Translation:You are welcome to our place in October.
Definitely. This sentence must have been auto-hidden prior to the crowns system, and hence never revised.
I have changed the default to "You are welcome to our place in October", which, while not perfect, is at least much less nonsensical in English - and works well for the reverse translation exercise.
I've also increased the number of accepted translations from 2 to 49. Hopefully that'll make the sentence much less frustrating to encounter. :)
I can see you also left an error report. You wrote "You are welcome to come in October", so you're missing the destination part - for instance "to our place" or "at ours".
Unfortunately, I cannot control which alternative you're shown when you get something wrong, or I would have changed that to a more sensible default as well.
But it doesn't mean that, in fact it makes no sense. The only way I can picture this working is if someone was trying to book a company (e.g. my company in which there are only 3 of us) and we said "Oh, we're all booked up in September but you're welcome to us in October." - meaning, you're welcome to utilise us/our time.
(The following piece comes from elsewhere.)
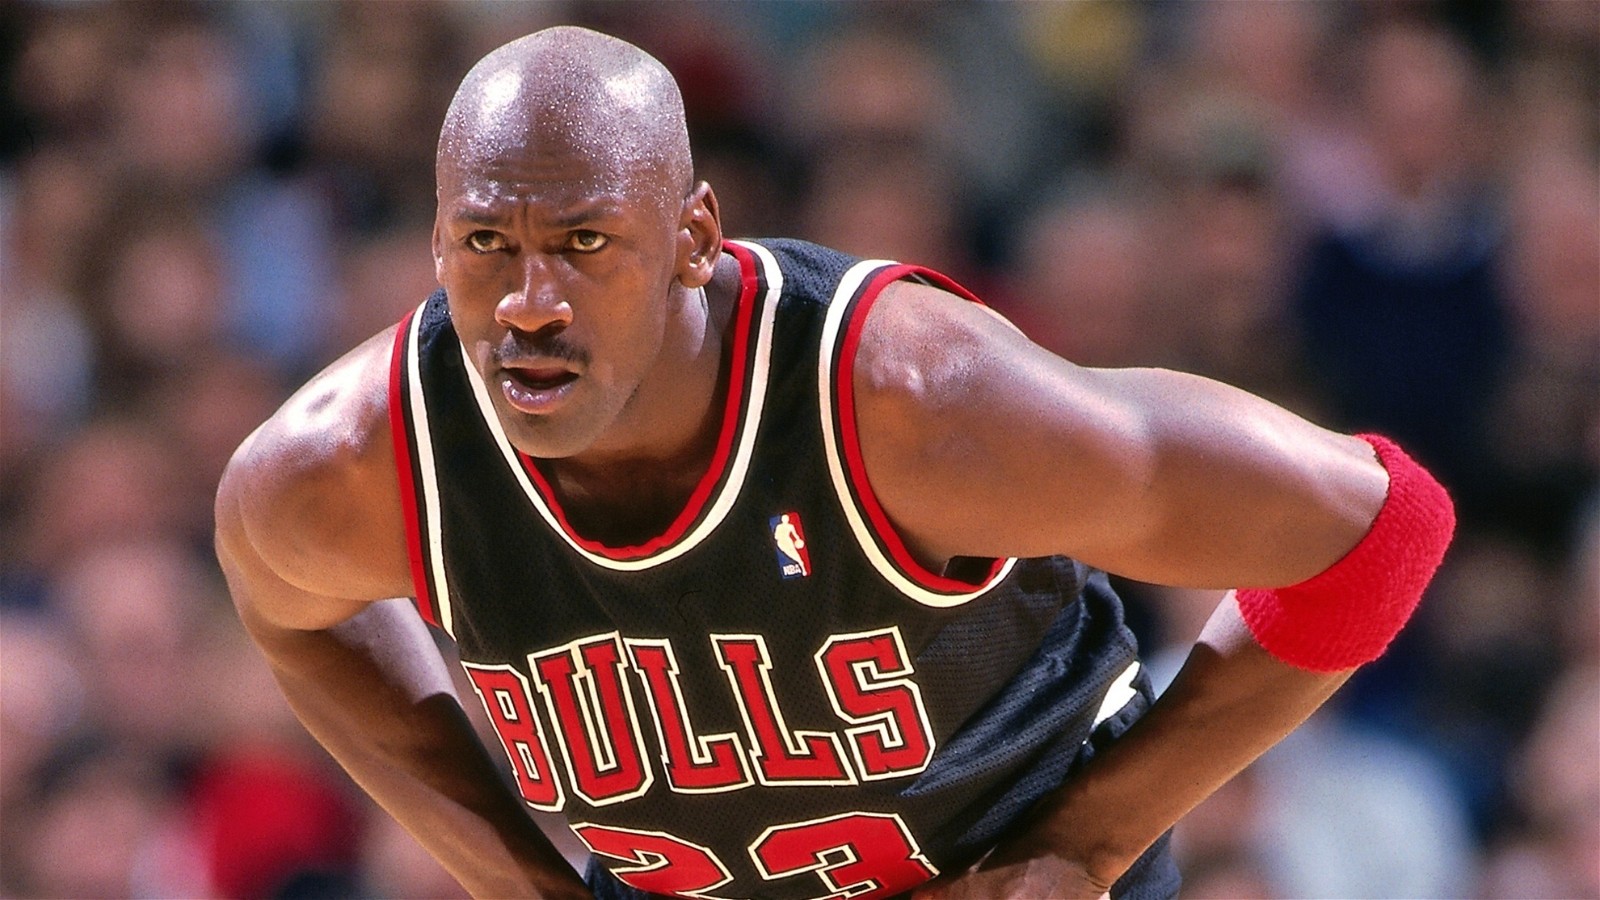 NBA legend Michael Jordan

If it really means "You are welcome at our place" then "You are welcome to stay with us in October" should be accepted. The following things might be heard in English: "You are welcome at our's..." "You are welcome to join us." "You are welcome to stay with us." "You are welcome to come to our place." and a few other variants thereof. "You are welcome to us." doesn't mean this, and just sounds weird.
"You're welcome to our place" means you can have our house; we give it to you; we don't want it (possibly even because we think it's no good). I think that's not the intended meaning, though. The English "You're welcome at our place" would make more sense as the default translation in my opinion.
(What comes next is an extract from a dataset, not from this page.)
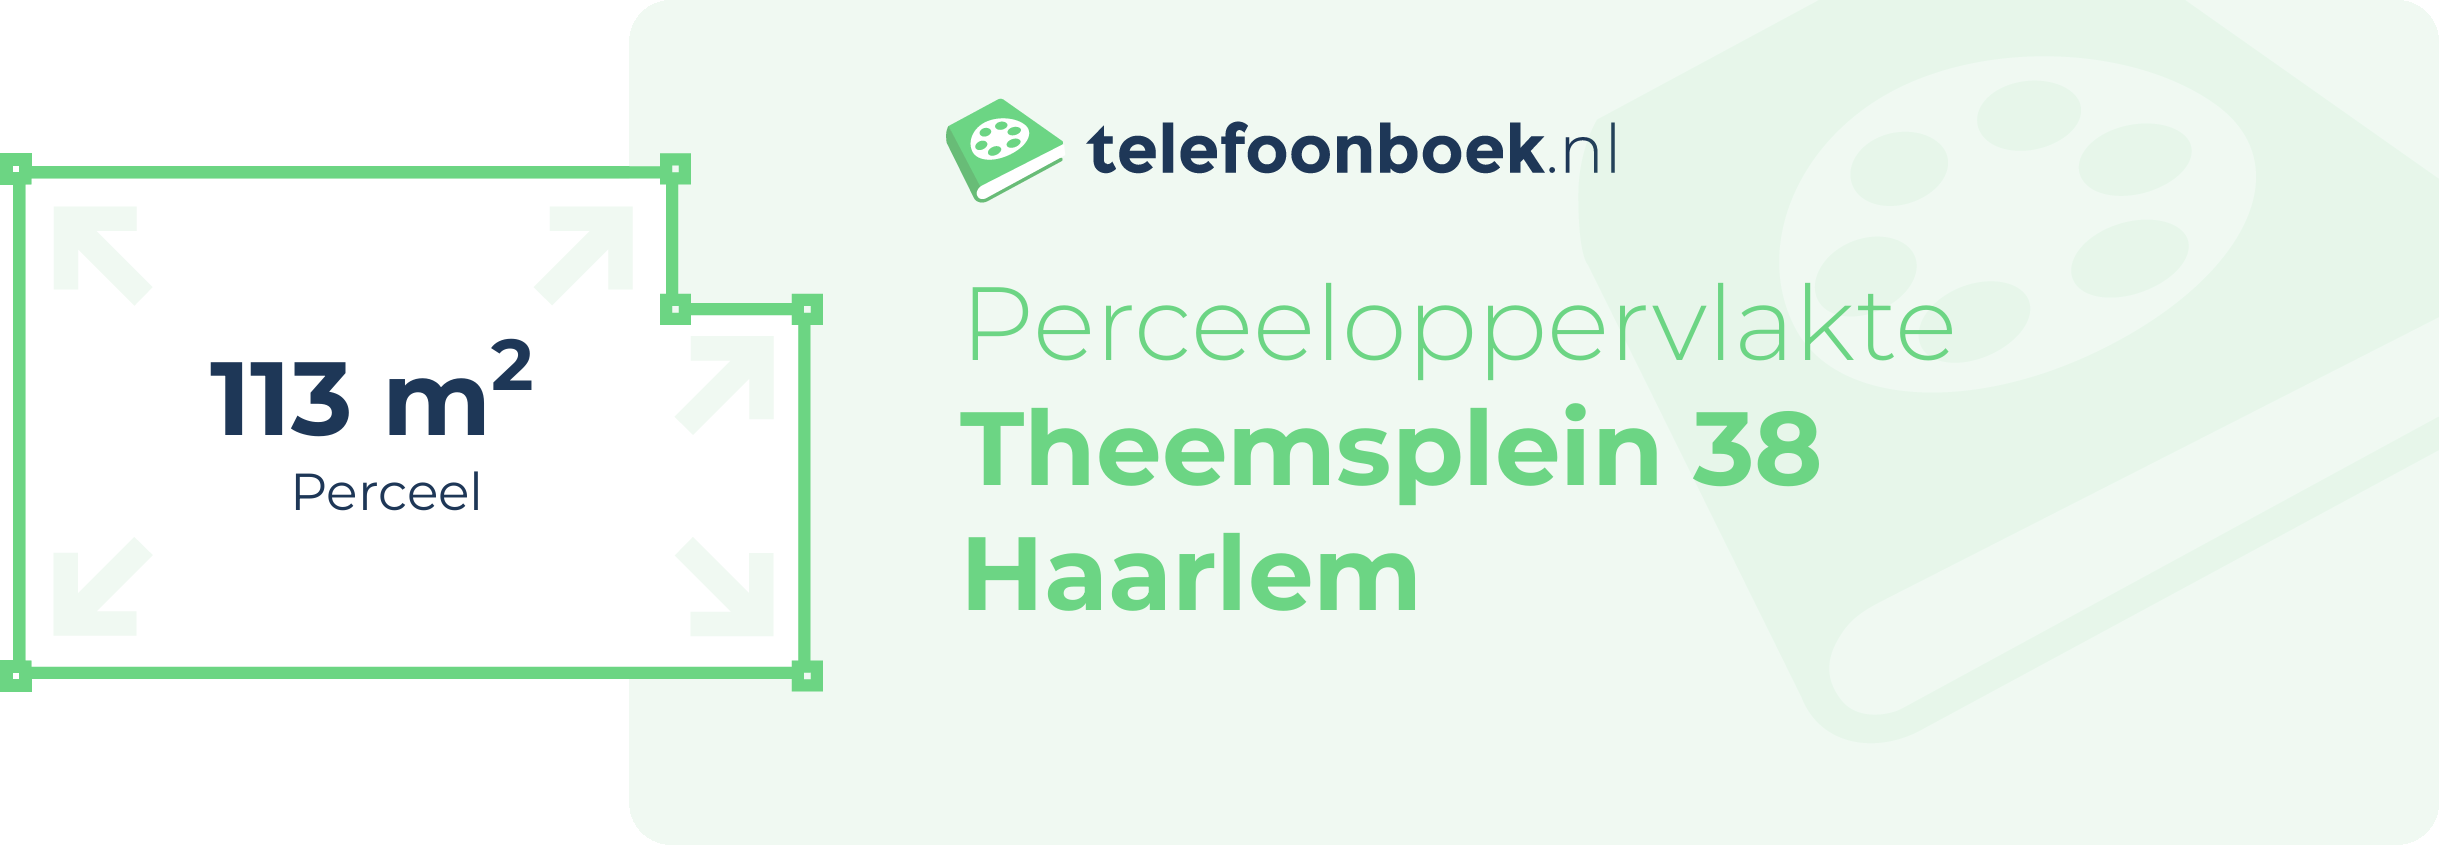 Perceeloppervlakte Theemsplein 38 Haarlem

I realise what this means, and having lived in Sweden, I know this is exactly how they word things. But we're often told not to transliterate, which is why some people have been trying to enter the phrase in a way that makes sense in English. Maybe a couple of other answers could also be seen as correct? I'll still say it this way in Swedish, I promise. ;)
Emphasis is that, you are welcome, they want you to visit. You may stay at their house or close enough that visiting them is easy. It's an important phrase to know, but will probably be accompanied by more conversation. We have plenty of U.S. phrases that would be difficult to pin down in Swedish or other languages, but are basically words of welcome like: Y'all come back now ya hear? Open up the screen door come on in. Don't be a stranger! We'll put out the welcome mat. We'll leave the light on for you.
Cool that you lived in Sweden. I tried applying for an embassy job, just to have the immersion, but it didn't work out. Also trying to get a Swedish event going for duolingo, https://forum.duolingo.com/comment/27641737 Only one has replied, and there is no counter to know if anyone has looked...
This is the difficult but wonderful part about languages. Some of us want a precise word for word translation that makes sense in our native language. But my goal is to be able to think in the language I am speaking. 10 years ago, my newly found cousin in Sweden said in an email, ''Ni är välkomna till oss.'' The meaning was clear even then, and we have since visited 4 times. Tusen tack alla moderatorer!
It's almost never på oktober. The exception is i början/mitten/slutet på oktober, meaning "in the beginning/middle/end of October". Even then, many prefer av.
(And of course, you'll occasionally see på as part of another phrase - e.g. skylla på = blame; skylla på oktober = blame October. But that's not really the same thing.)